Chronique

Odeia

Escales

Elsa Birgé (voc), Karsten Hochapfel (cello, g), Pierre-Yves Le Jeune (b), Lucien Alfonso (vln, objets)

Label / Distribution : Wopela Label

Les oreilles sont un révélateur de racines bien plus sûr que le sang et l’ADN. Elles sont électives et font peu de cas des barrières administratives. Voilà la certitude qui étreint à l’écoute de ce premier disque du quartet Odeia. La voix saisissante d’Elsa Birgé nous précède, nous escorte, danse avec nous sur les cordes de ses comparses, de la Grèce à la Sicile. Les racines se nourrissent d’autant mieux que leurs ramifications sont étendues, nombreuses et enchevêtrées. Celles d’Odeia sont si profondes qu’elles empruntent tous les timbres, tous les accents sans jamais sembler se travestir. Le quartet devient un buveur d’ouzo à l’ivresse flamboyante sur « Diki mou ine i ellas » et son beau tutti d’archets. Il est tout autant un conscrit filant à l’abattoir en cette belle matinée frioulane du 5 août 1914 à « Gorizia », porté par le pizzicato traînant de la contrebasse de Pierre-Yves Lejeune.

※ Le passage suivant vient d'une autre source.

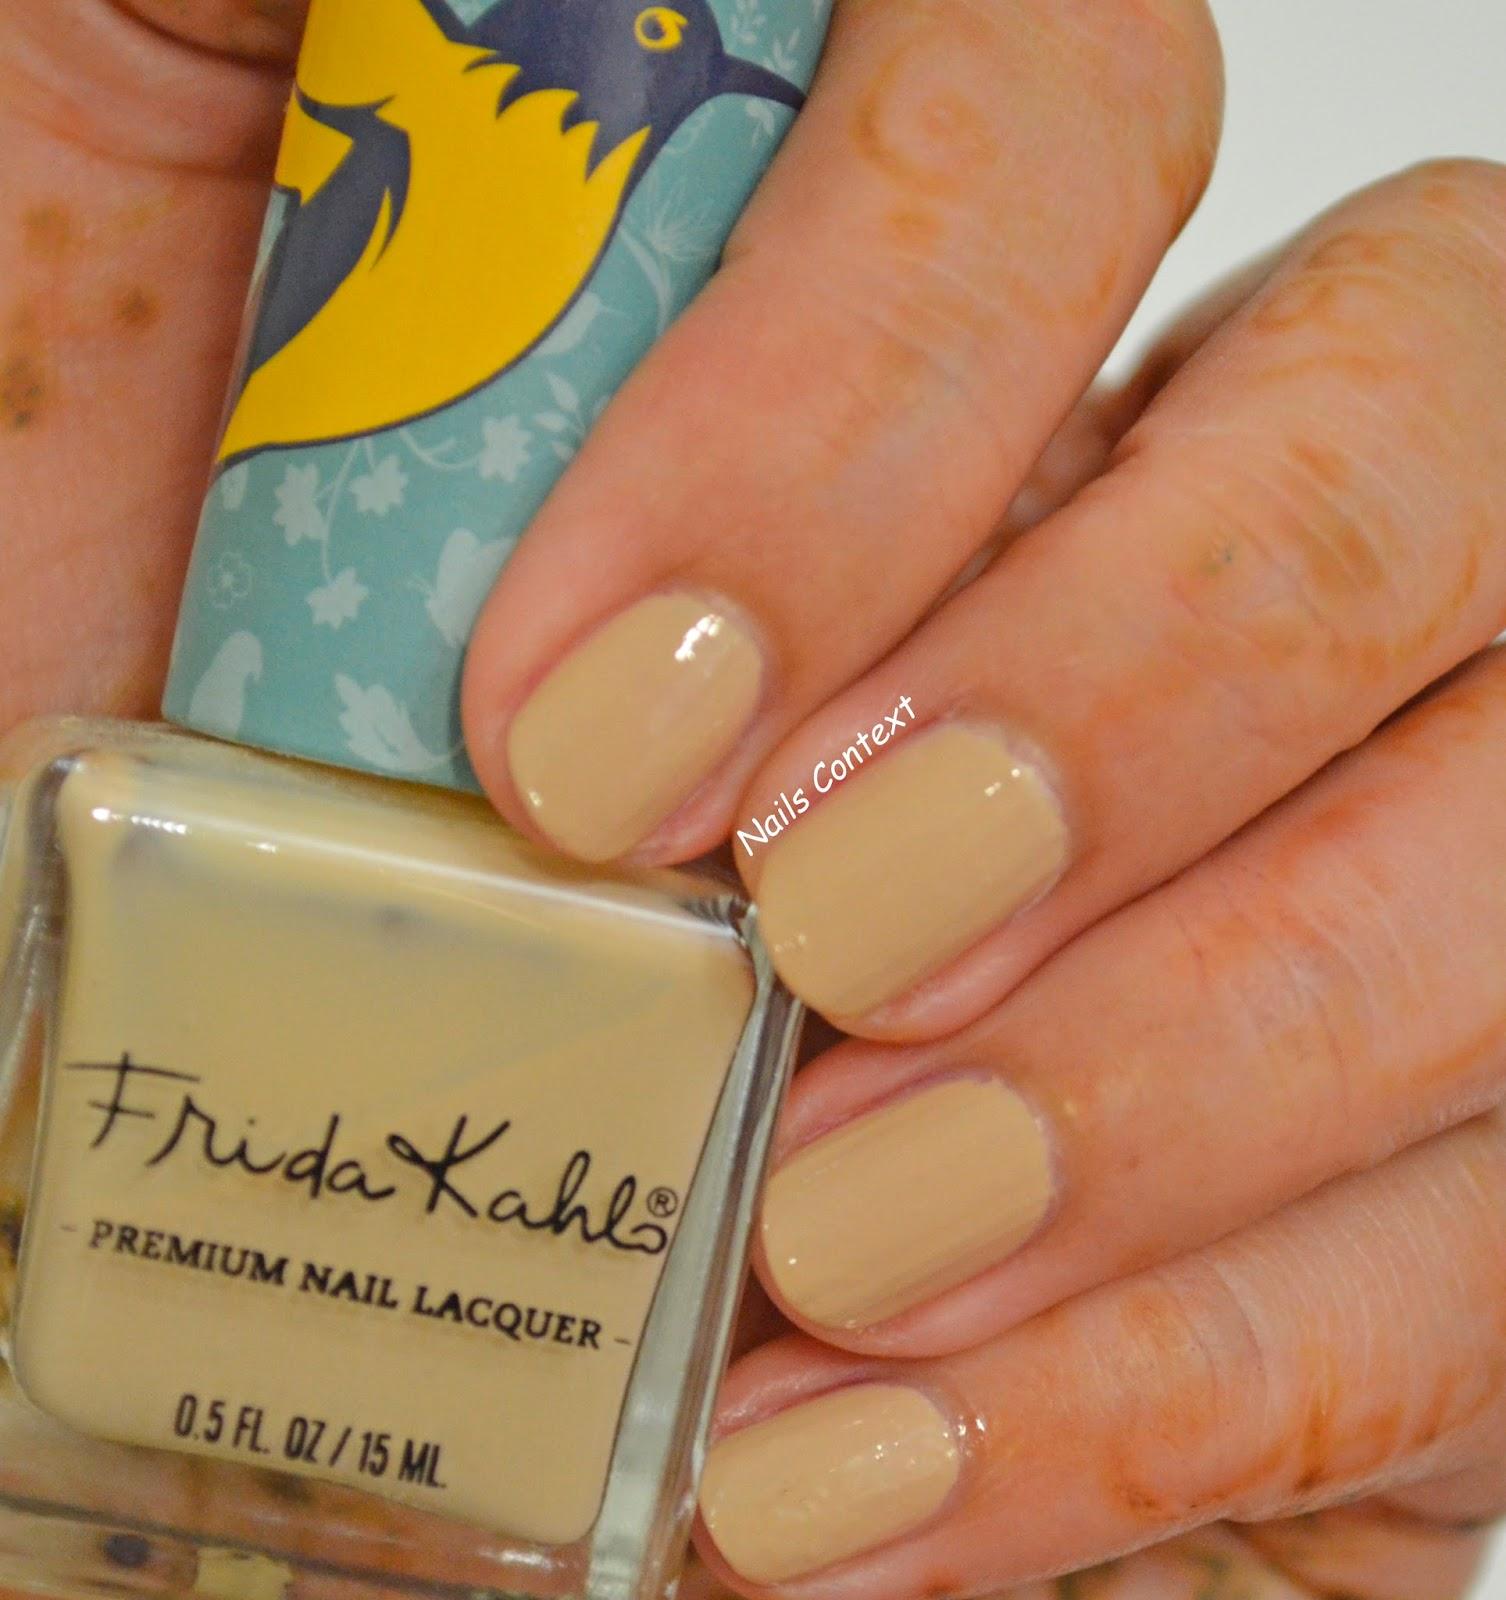 Nails Context: Frida Kahlo

Il est souvent question de folklores imaginaires dans les musiques improvisées. Les folklores d’Odeia ont l’improvisation tangible. Ils sont terrestres et campés dans l’histoire populaire, ce qui ne nous empêche évidemment pas de divaguer avec une légèreté infinie et de nous laisser porter par la rare complexité des arrangements.

L’approche voyageuse d’Odeia doit beaucoup à Karsten Hochapfel. Le violoncelliste et guitariste de Morgen Naughties démontre une fois de plus sa faculté de faire briller ses comparses sans extravagance, tant sur ses propres compositions (« TipTopMipMopMoppl ») que dans le façonnement de chansons qu’on n’a hélas pas l’habitude de retrouver dans ce type de répertoire (« La belle est au jardin d’amour »). C’est sans doute sur ce traditionnel médiéval picard que l’esprit d’Odeia s’exprime avec la plus grande clarté ; il y a la voix d’Elsa, bien sûr. Elle fait de ce chant galant une douceur cristalline qui souffle sur la contrebasse, après quoi la guitare et le violon de Lucien Alfonso élaborent une atmosphère étrange, loin des cartes du monde connu. Ils habillent la chanteuse de chimères. Escales n’a rien à voir avec ces disques de world music qui se proclament citoyens du monde avec la foi du charbonnier. Odeia est sicilien en Sicile et parisien avec Mouloudji (« Un jour tu verras ») sans se soucier de synthèse ou d’amalgame ; plus la route est longue entre les « escales », plus les chemins de traverse auront des chances d’être délicieusement baroques.

Ce qui compte, ce n’est pas la destination, c’est le voyage. Voilà ce que trahit un morceau comme « Liouba », berceuse tsigane que le groupe brandit comme carte de visite, avec notamment une vidéo qui parvient à en retranscrire l’effervescence. Sur un violon saturé d’émotion, Elsa Birgé raconte un blues slave d’une beauté confondante. Alors il faut absolument lâcher prise et se laisser ballotter par la guitare d’Hochapfel. Éventuellement, les larmes pourront poindre, à mesure que l’archet s’essouffle. Ceux qui se poseront, à ce moment précis, la question de savoir dans quelle case ranger Odeia, plutôt que d’appuyer une fois de plus sur la touche « Play » auront décidément un cœur de pierre. Pire : des oreilles définitivement déracinées.